Work instructions >> Wherever a picture appears, skip it and retype the rest of the data exactly.

Data >>

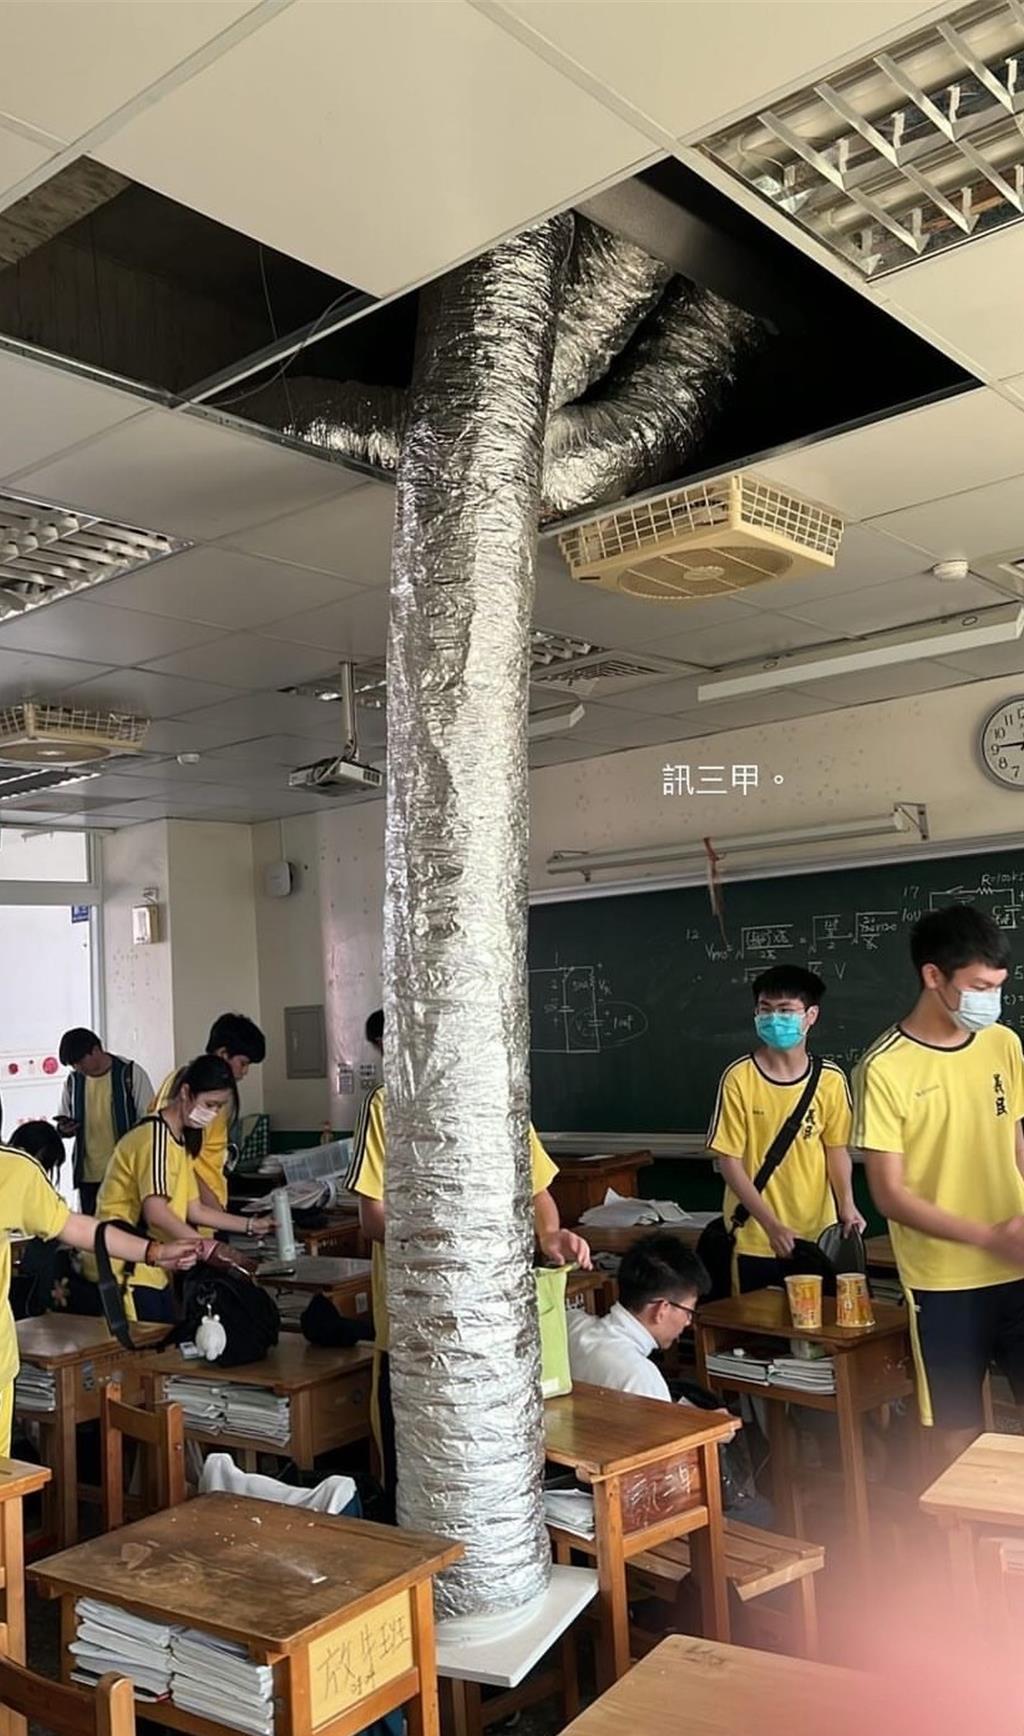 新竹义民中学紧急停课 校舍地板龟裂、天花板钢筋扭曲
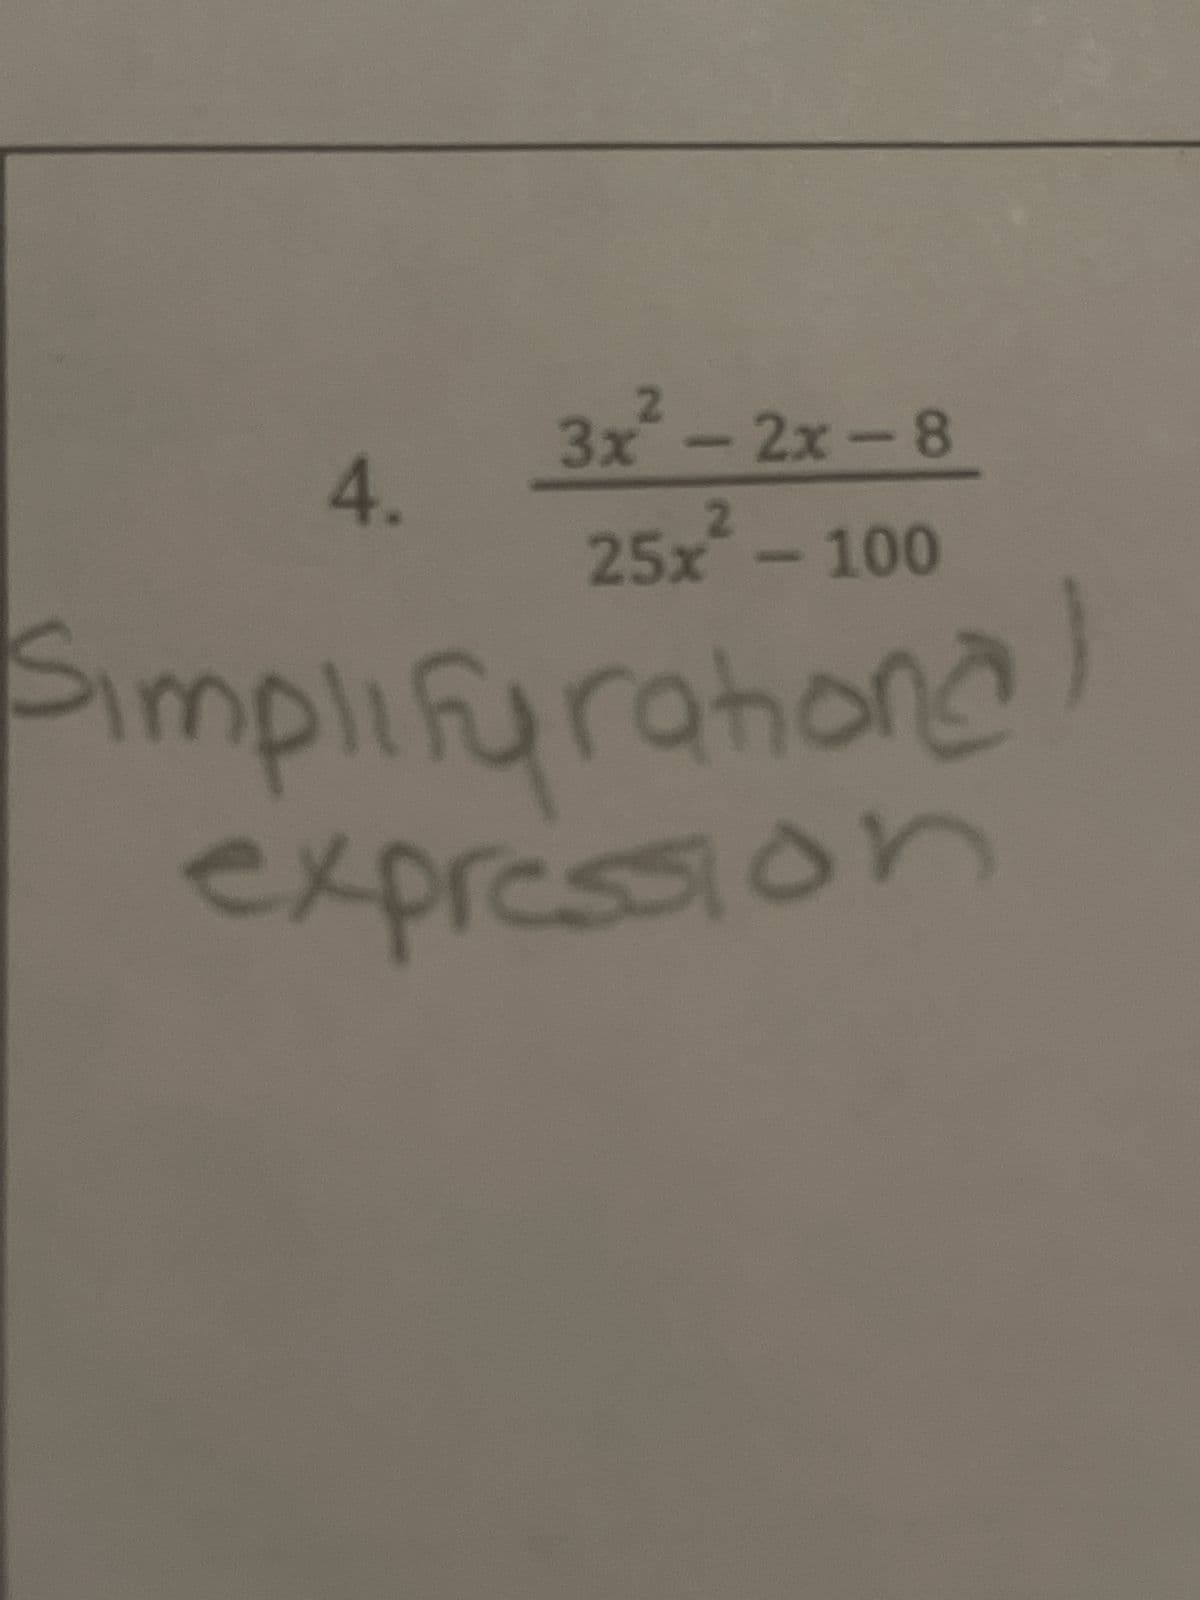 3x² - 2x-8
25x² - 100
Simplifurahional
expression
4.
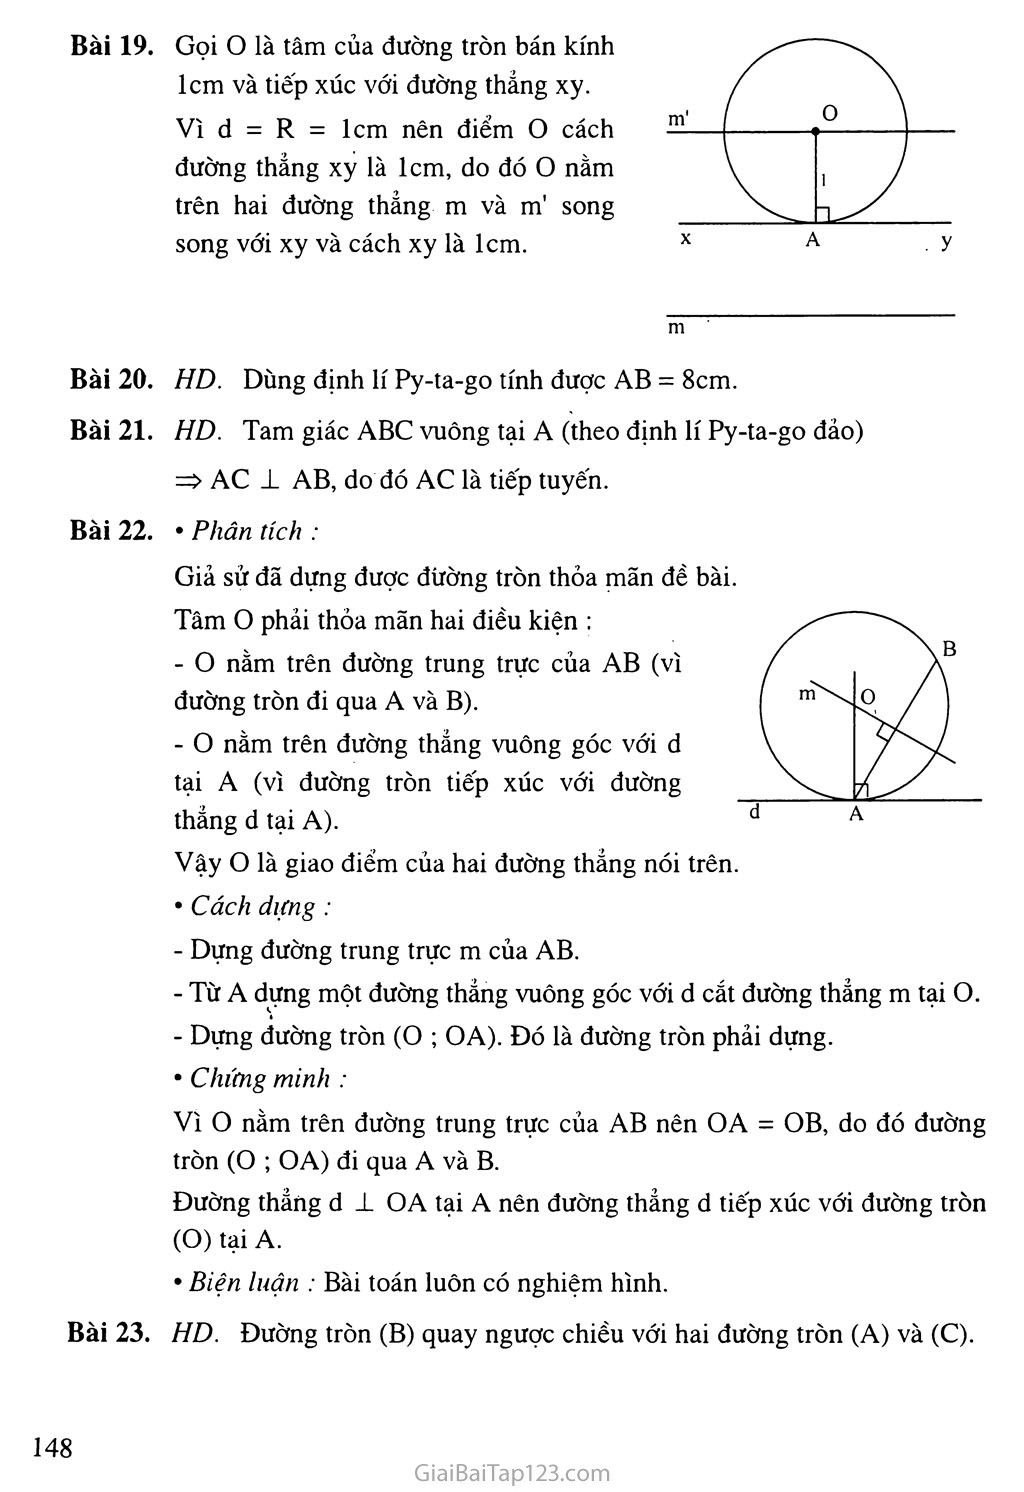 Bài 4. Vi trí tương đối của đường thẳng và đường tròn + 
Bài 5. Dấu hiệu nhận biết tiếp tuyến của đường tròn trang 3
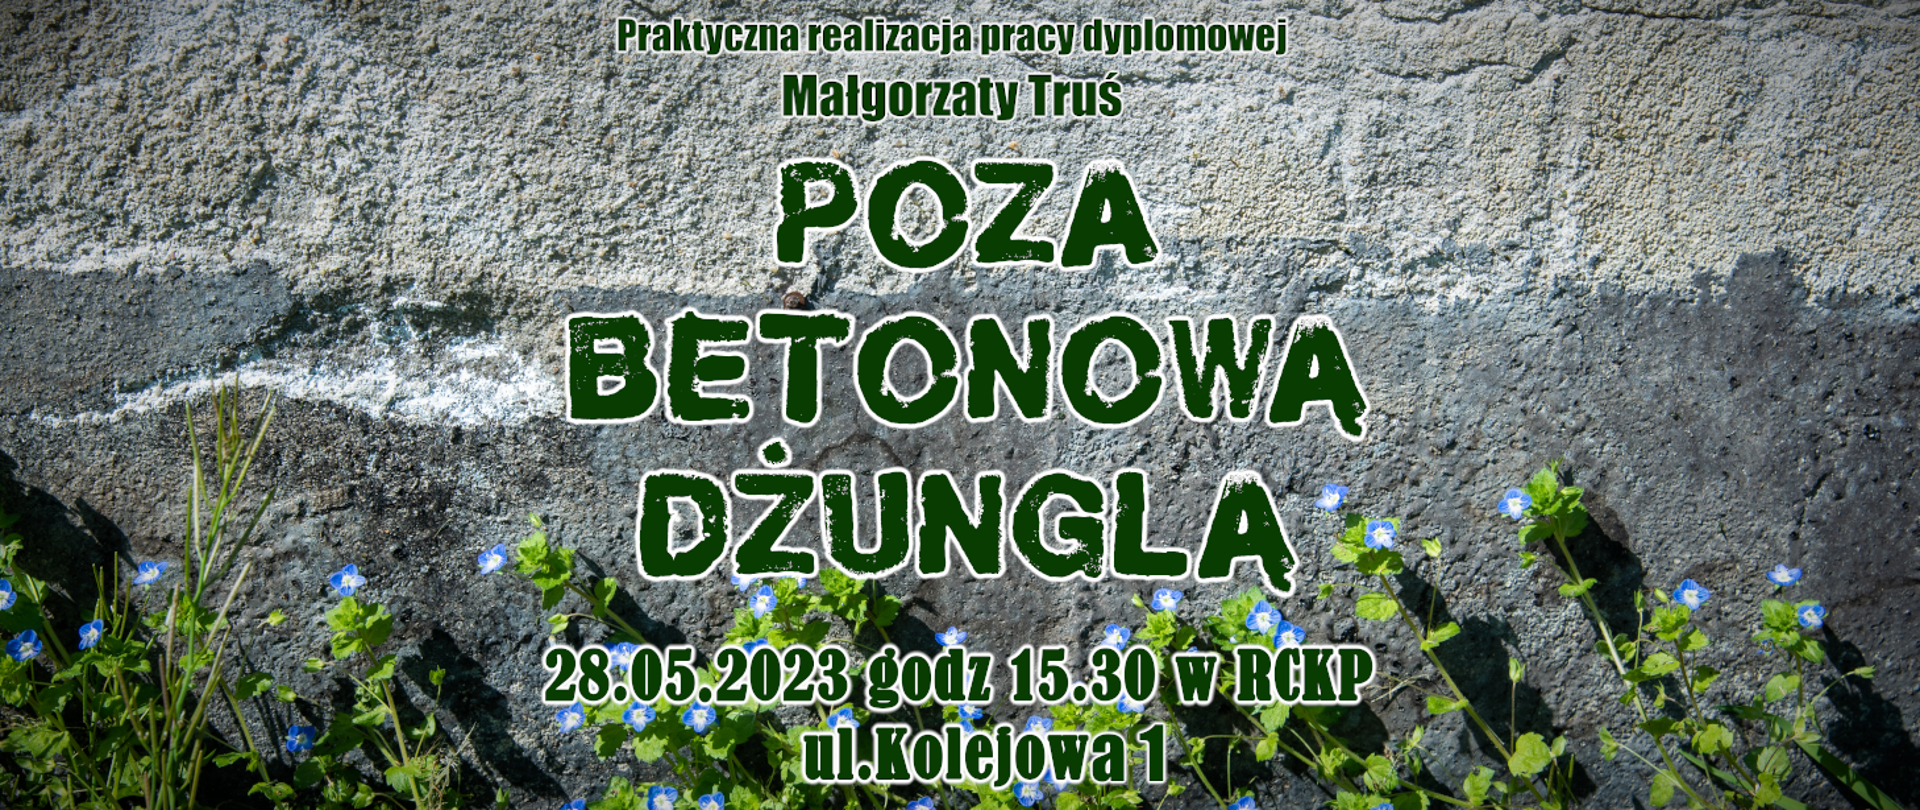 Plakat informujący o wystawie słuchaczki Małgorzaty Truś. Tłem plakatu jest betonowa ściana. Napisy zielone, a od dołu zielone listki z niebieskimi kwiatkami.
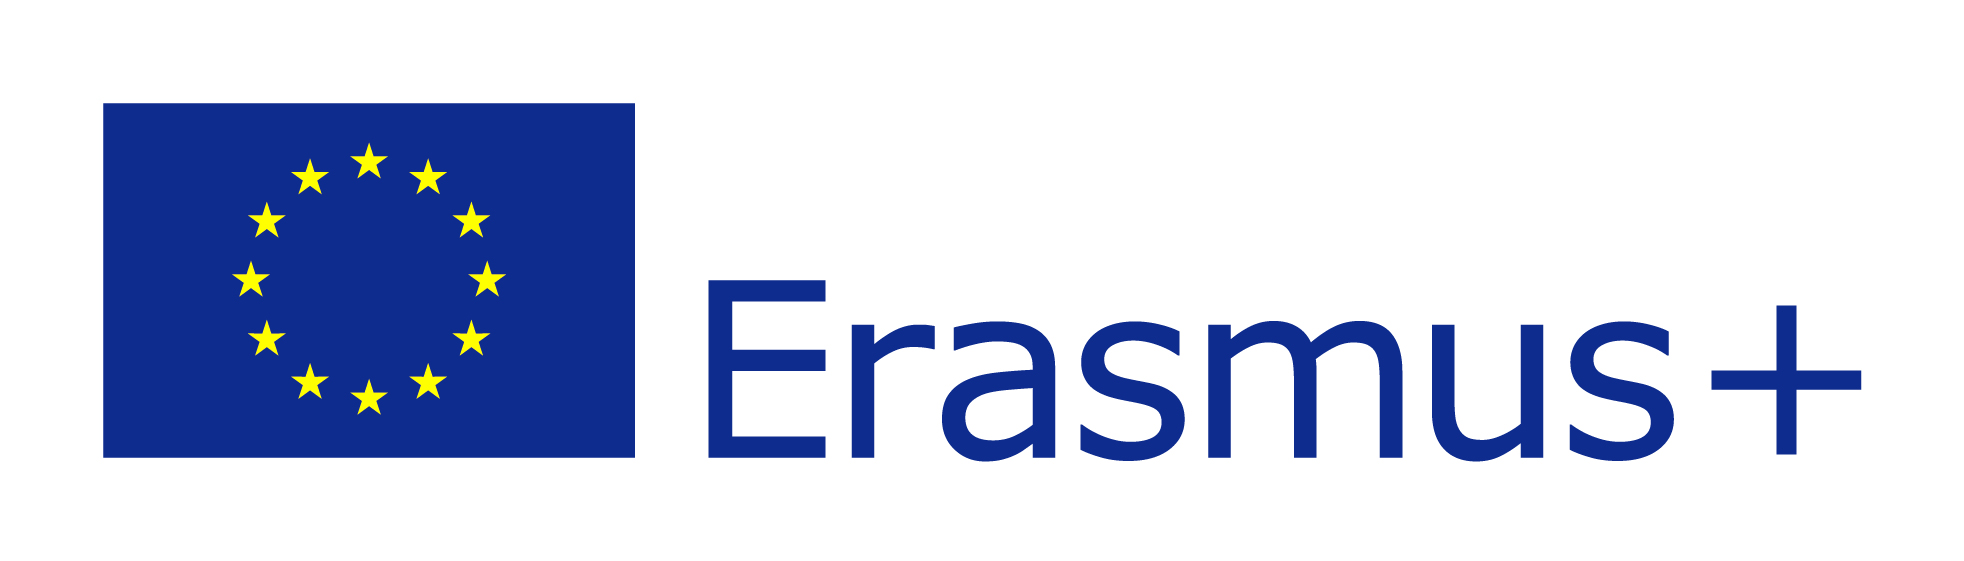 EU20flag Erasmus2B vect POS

Expected answer >>
 新竹义民中学紧急停课 校舍地板龟裂、天花板钢筋扭曲
 3x² - 2x-8
25x² - 100
Simplifurahional
expression
4.
 Bài 4. Vi trí tương đối của đường thẳng và đường tròn + 
Bài 5. Dấu hiệu nhận biết tiếp tuyến của đường tròn trang 3
 Plakat informujący o wystawie słuchaczki Małgorzaty Truś. Tłem plakatu jest betonowa ściana. Napisy zielone, a od dołu zielone listki z niebieskimi kwiatkami.
 EU20flag Erasmus2B vect POS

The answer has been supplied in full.